You mean patching the model in optimum ? Depending on the modifications needed, it could make sense to have it in diffusers instead

Jan 15 '24 10:01 echarlaix

It should reside in optimum. Cc: @echarlaix

You mean patching the model in optimum ? Depending on the modifications needed, it could make sense to have it in diffusers instead

ONNX is a popular interchange format. @sayakpaul I think that diffusers should also support exporting models into ONNX. Especially given that this is a easy/harmless fix.

Jan 22 '24 23:01 rajeevsrao

Hi @rajeevsrao, could you share the script you used for the export ?

Here is the ONNX export script for reference

from diffusers.models import UNetSpatioTemporalConditionModel
import torch

model_name = "svd"
if model_name == "svd-xt":
    pipeline = 'stabilityai/stable-video-diffusion-img2vid-xt'
    num_frames = 25
else:
    pipeline = 'stabilityai/stable-video-diffusion-img2vid'
    num_frames = 14

device = 'cuda'
dtype = torch.float16
model = UNetSpatioTemporalConditionModel.from_pretrained(pipeline,
    subfolder="unet",
    use_safetensors=True,
    variant='fp16',
    torch_dtype=dtype).to(device)

batch_size = 2
out_channels = 4
cross_attention_dim = 1024
latent_height = 576 // 8
latent_width = 1024 // 8

input_names = ['sample', 'timestep', 'encoder_hidden_states', 'added_time_ids']
inputs = (
    torch.randn(batch_size, num_frames, 2*out_channels, latent_height, latent_width, dtype=dtype, device=device),
    torch.tensor([1.], dtype=torch.float32, device=device),
    torch.randn(batch_size, 1, cross_attention_dim, dtype=dtype, device=device),
    torch.randn(batch_size, 3, dtype=dtype, device=device),
)
output_names = ['latent']
dynamic_axes = {
    'sample': {0: '2B', 1: 'num_frames', 3: 'H', 4: 'W'},
    'encoder_hidden_states': {0: '2B'},
    'added_time_ids': {0: '2B'}
}

with torch.inference_mode(), torch.autocast(device):
    torch.onnx.export(model,
        inputs,
        model_name+"_unet.onnx",
        export_params=True,
        opset_version=18,
        do_constant_folding=True,
        input_names=input_names,
        output_names=output_names,
        dynamic_axes=dynamic_axes,
    )

Jan 22 '24 23:01 rajeevsrao

@sayakpaul @echarlaix please suggest next steps. Thanks.

Jan 25 '24 17:01 rajeevsrao

This issue has been automatically marked as stale because it has not had recent activity. If you think this still needs to be addressed please comment on this thread.

Please note that issues that do not follow the contributing guidelines are likely to be ignored.

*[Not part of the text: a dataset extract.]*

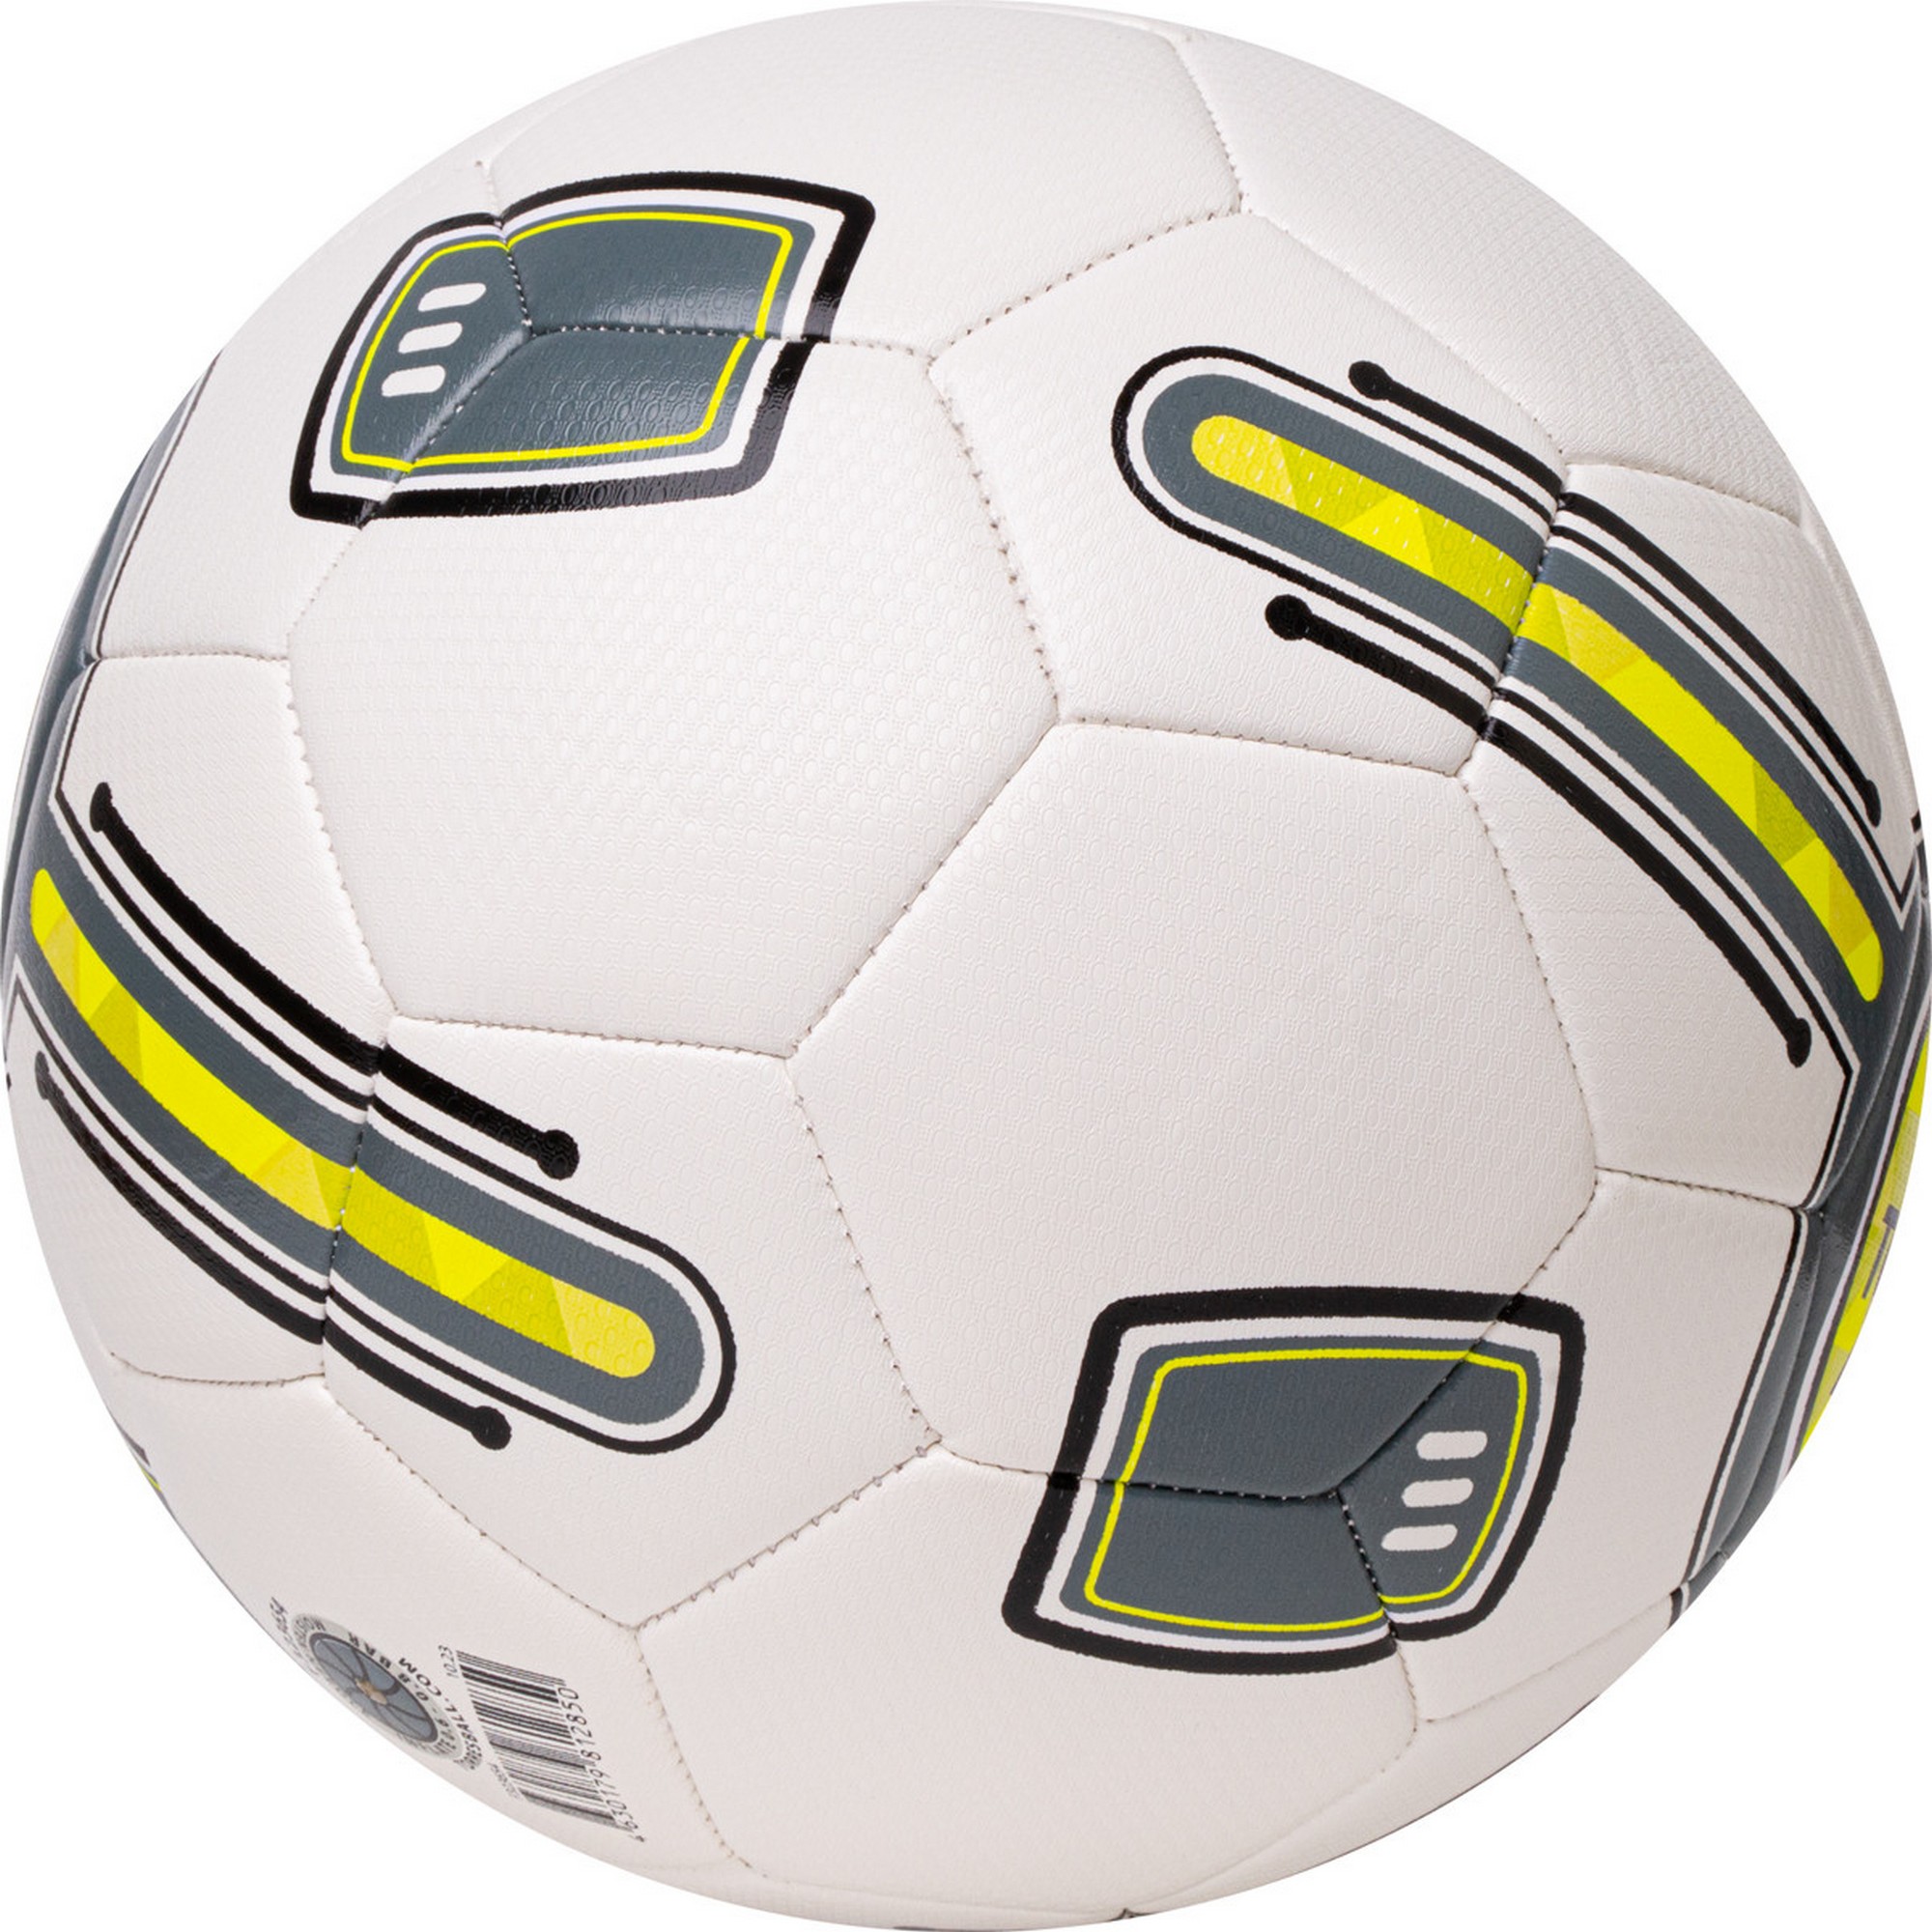 Мяч футбольный Torres BM 300 F323653 р.3 2000_2000
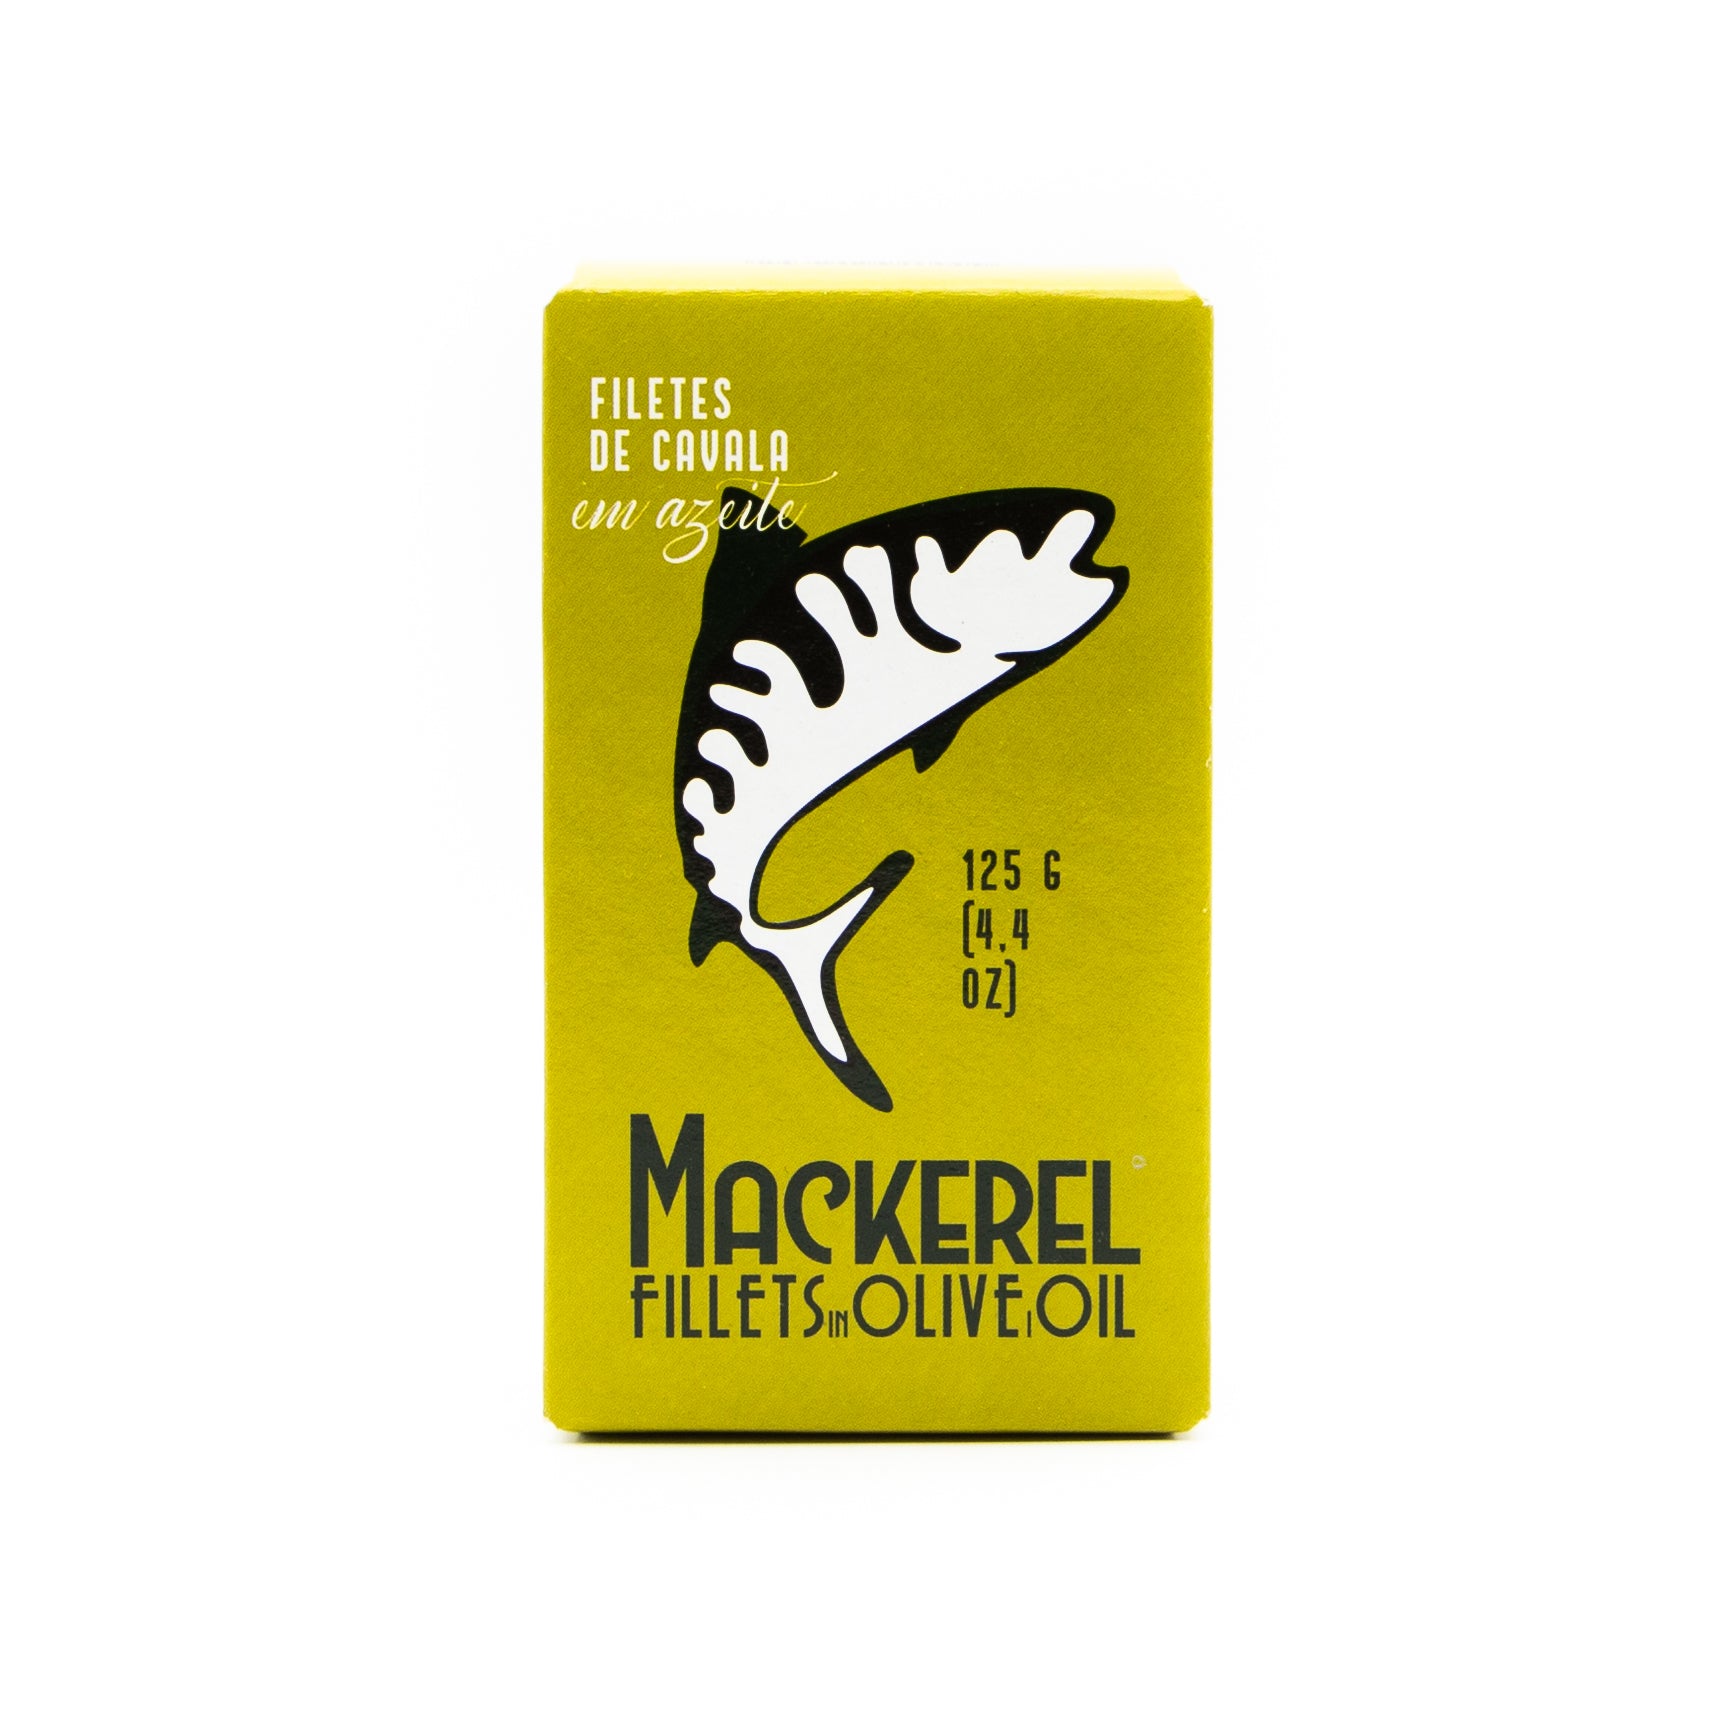 Ati Manel - Mackerel Fillets in Olive Oil

Feb 19 '24 15:02 github-actions[bot]

@rajeevsrao do you still plan to work on this?

Feb 19 '24 15:02 sayakpaul

The docs for this PR live here. All of your documentation changes will be reflected on that endpoint. The docs are available until 30 days after the last update.

Feb 19 '24 15:02 HuggingFaceDocBuilderDev

Reviving this PR.

The main issue observed is that the type of num_frames changes based on the operation performed.

Elaborating using 2 cases below. Please print the type(num_frames) here to investigate further

Case 1: Inference

During inference, the type of num_frames is <class 'int'>. Inference script used:

import torch
from diffusers.utils import load_image
from diffusers import StableVideoDiffusionPipeline
pipe = StableVideoDiffusionPipeline.from_pretrained('stabilityai/stable-video-diffusion-img2vid', torch_dtype=torch.float16, variant="fp16").to("cuda")
image = load_image("https://huggingface.co/datasets/huggingface/documentation-images/resolve/main/diffusers/svd/rocket.png")
image = image.resize((1024, 576))
frames = pipe(image, decode_chunk_size=8).frames[0]

Case 2: ONNX export

As the error specifically lies with the UNET, I'm exporting just the unet model using the script below. While tracing for the ONNX export, num_frames is created as a <class 'torch.Tensor'> on the CPU. Running the export on GPU results in the error from the description.

import torch
from diffusers.models import UNetSpatioTemporalConditionModel

dtype=torch.float16
device='cuda'
model = UNetSpatioTemporalConditionModel.from_pretrained('stabilityai/stable-video-diffusion-img2vid',
    subfolder="unet",
    use_safetensors=True,
    variant='fp16',
    torch_dtype=dtype).to(device)

batch_size = 2
num_frames=14
out_channels = 4
cross_attention_dim = 1024
latent_height = 576 // 8
latent_width = 1024 // 8

inputs = (
    torch.randn(batch_size, num_frames, 2*out_channels, latent_height, latent_width, dtype=dtype, device=device),
    torch.tensor([1.], dtype=torch.float32, device=device),
    torch.randn(batch_size, 1, cross_attention_dim, dtype=dtype, device=device),
    torch.randn(batch_size, 3, dtype=dtype, device=device),
)

with torch.inference_mode(), torch.autocast(device):
    torch.onnx.export(model,
        inputs,
        "svd/svd_unet.onnx",
        export_params=True,
        opset_version=18,
        do_constant_folding=True
    )

The PR aims to correct the inconsistency in the type of num_frames during inference and tracing

Mar 01 '24 00:03 asfiyab-nvidia

Cc: @yiyixuxu. I am okay with the changes here since ONNX is very popular. LMK. @DN6, you too.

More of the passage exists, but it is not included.